Habitação e Energia Elétrica: Queda e Impactos Regionais

A Habitação apresentou uma queda de 0,11%, principalmente devido à redução de 2,73% na energia elétrica residencial. Isso ocorreu pela mudança da bandeira tarifária de amarela para verde em janeiro, eliminando a cobrança extra. No entanto, reajustes em serviços de água e esgoto (2,56%) e gás encanado (0,95%) influenciaram o grupo.

A maior variação regional em janeiro foi em Rio Branco (0,81%), enquanto Belém registrou a menor (0,16%). No acumulado de 12 meses, Vitória e Porto Alegre lideraram com 5,06% de inflação.

Mercado e Especialistas Avaliam Cenário Inflacionário

Especialistas ouvidos pelo g1 consideram o resultado de janeiro levemente acima do esperado, mas confirmam a tendência de desaceleração da inflação, apesar das pressões pontuais. A composição do índice, com alta em preços administrados, alimentos e núcleos de inflação, é um ponto de atenção.

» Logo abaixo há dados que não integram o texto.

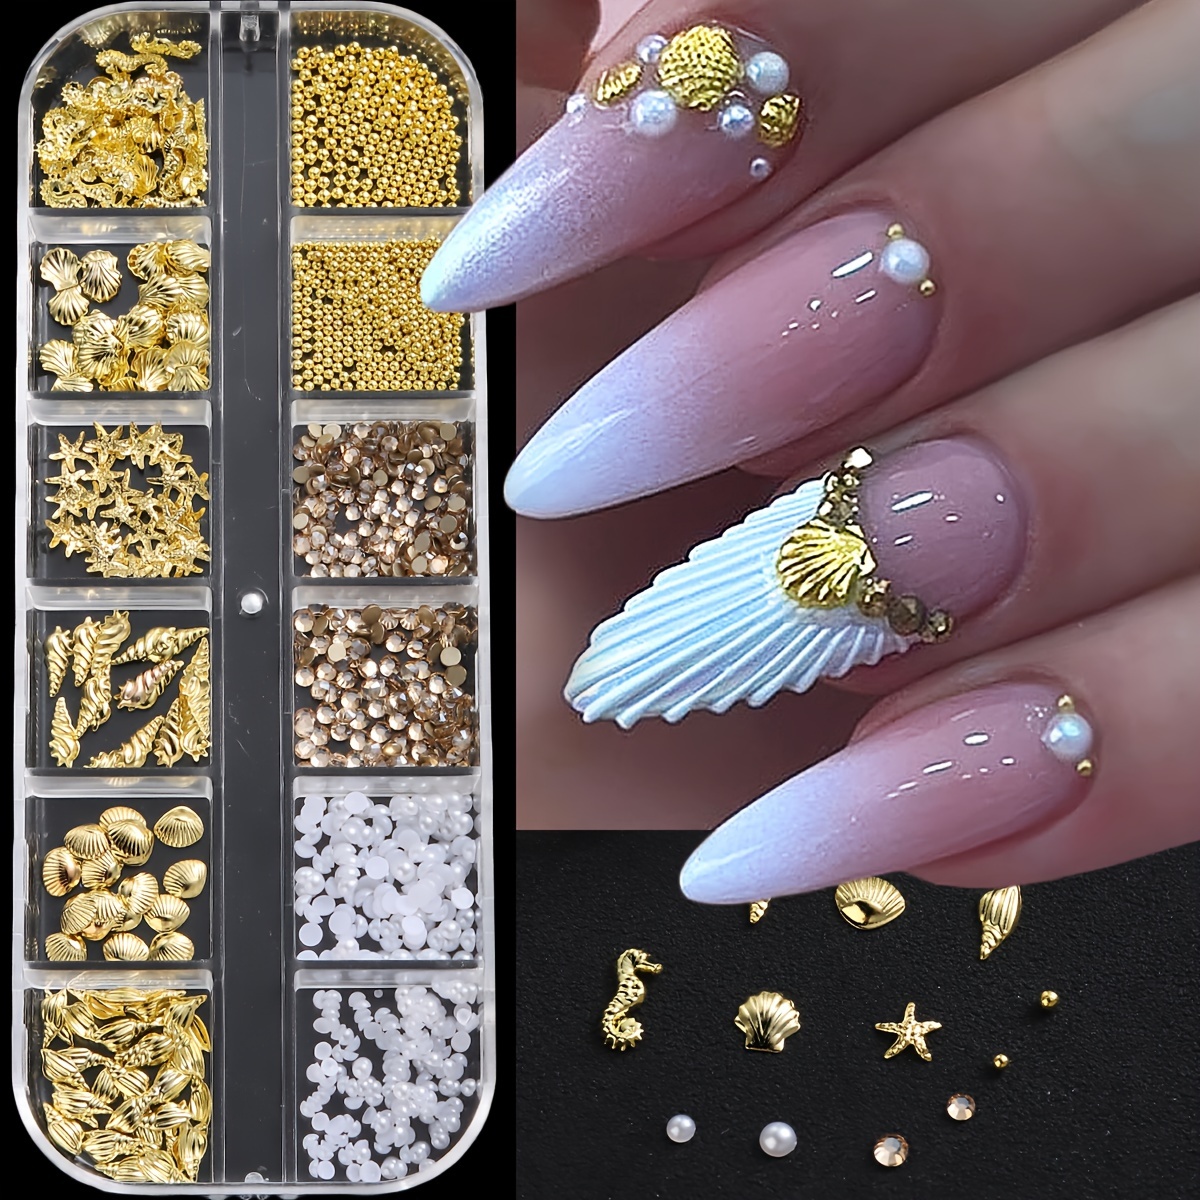 

Ocean-inspired Nail Art Charms - 6/12 Grid Set With Alloy Shell, Abalone, Seahorse, Starfish, Conch & Pearl Beads For Diy Manicure
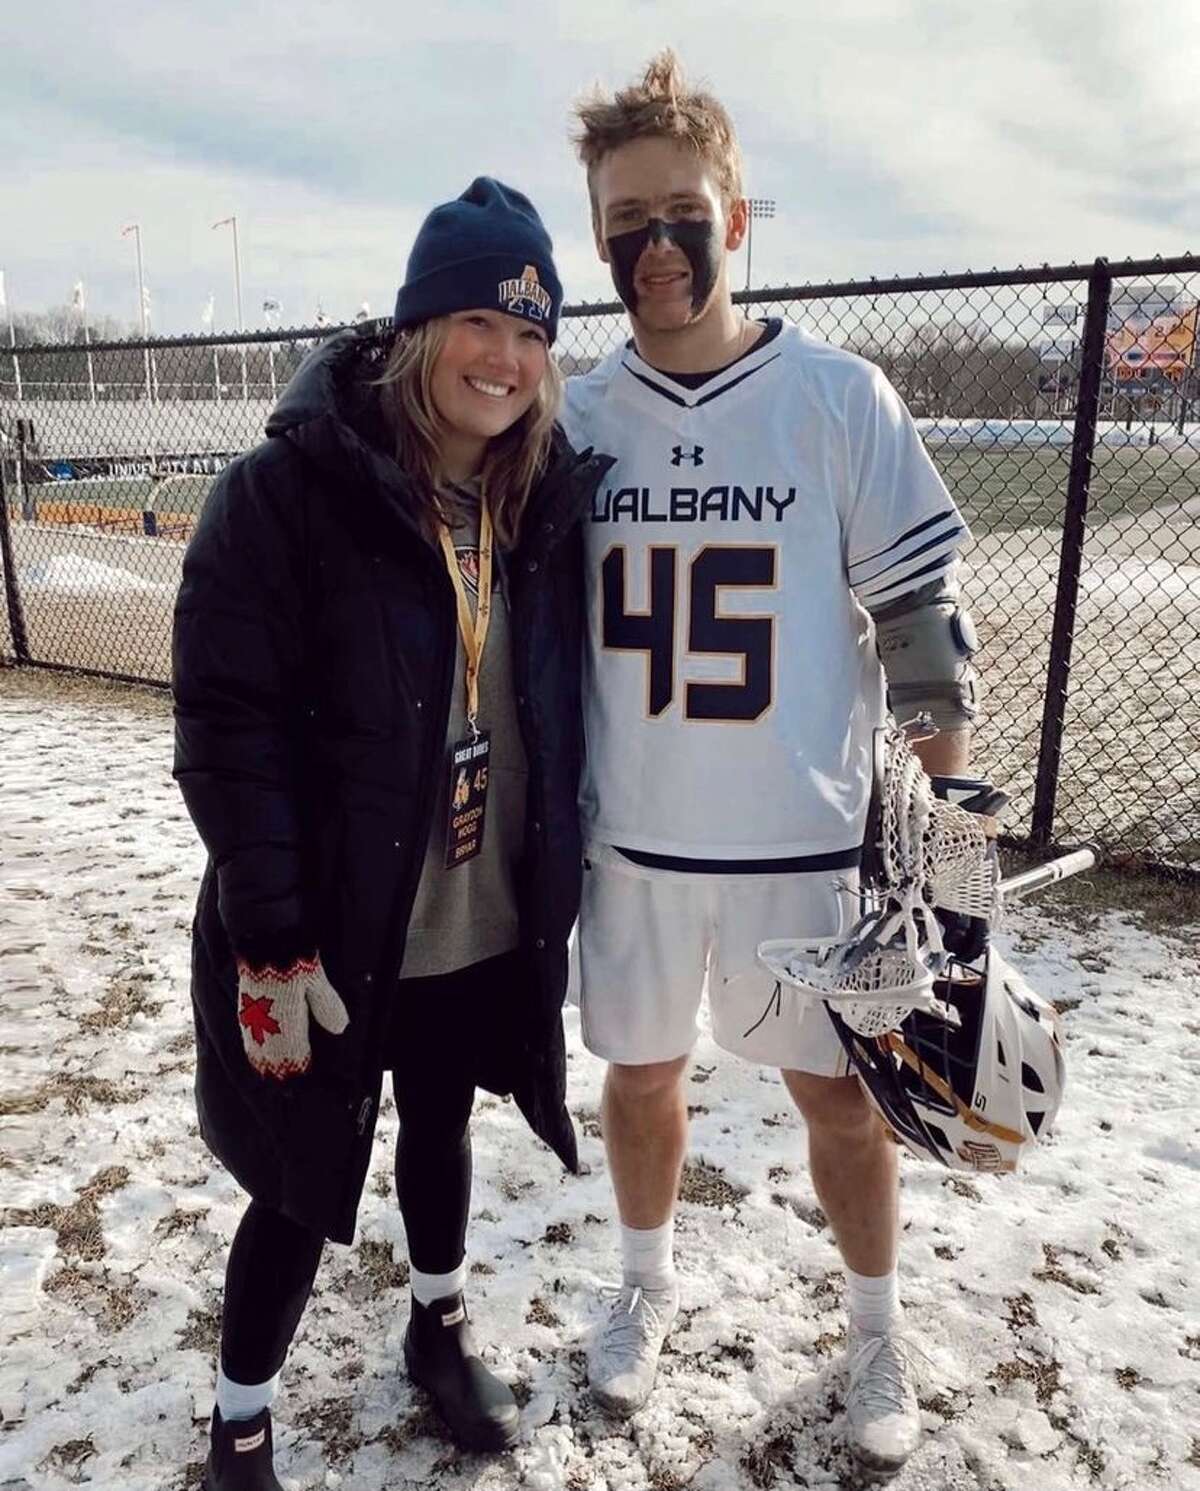 Bryar Hogg, left, and Graydon Hogg of the UAlbany women's and men's lacrosse teams, respectively.

Economistas como André Nunes de Nunes e Lucas Ghilardi apontam que, embora haja pressões em combustíveis e serviços, a trajetória geral dos preços, aliada a uma safra favorável para alimentos, mantém a confiança no controle da inflação. A perspectiva é que este cenário possa abrir espaço para cortes mais intensos na taxa de juros ao longo do ano.

Lucas Barbosa, economista da AZ Quest, atribui a surpresa a bens industriais e serviços mais voláteis, possivelmente refletindo reajustes concentrados em janeiro. Ele acredita que o Banco Central interpretará o dado de janeiro como neutro e não espera a continuidade deste padrão de pressão nos próximos meses, projetando uma trajetória inflacionária mais favorável para 2026.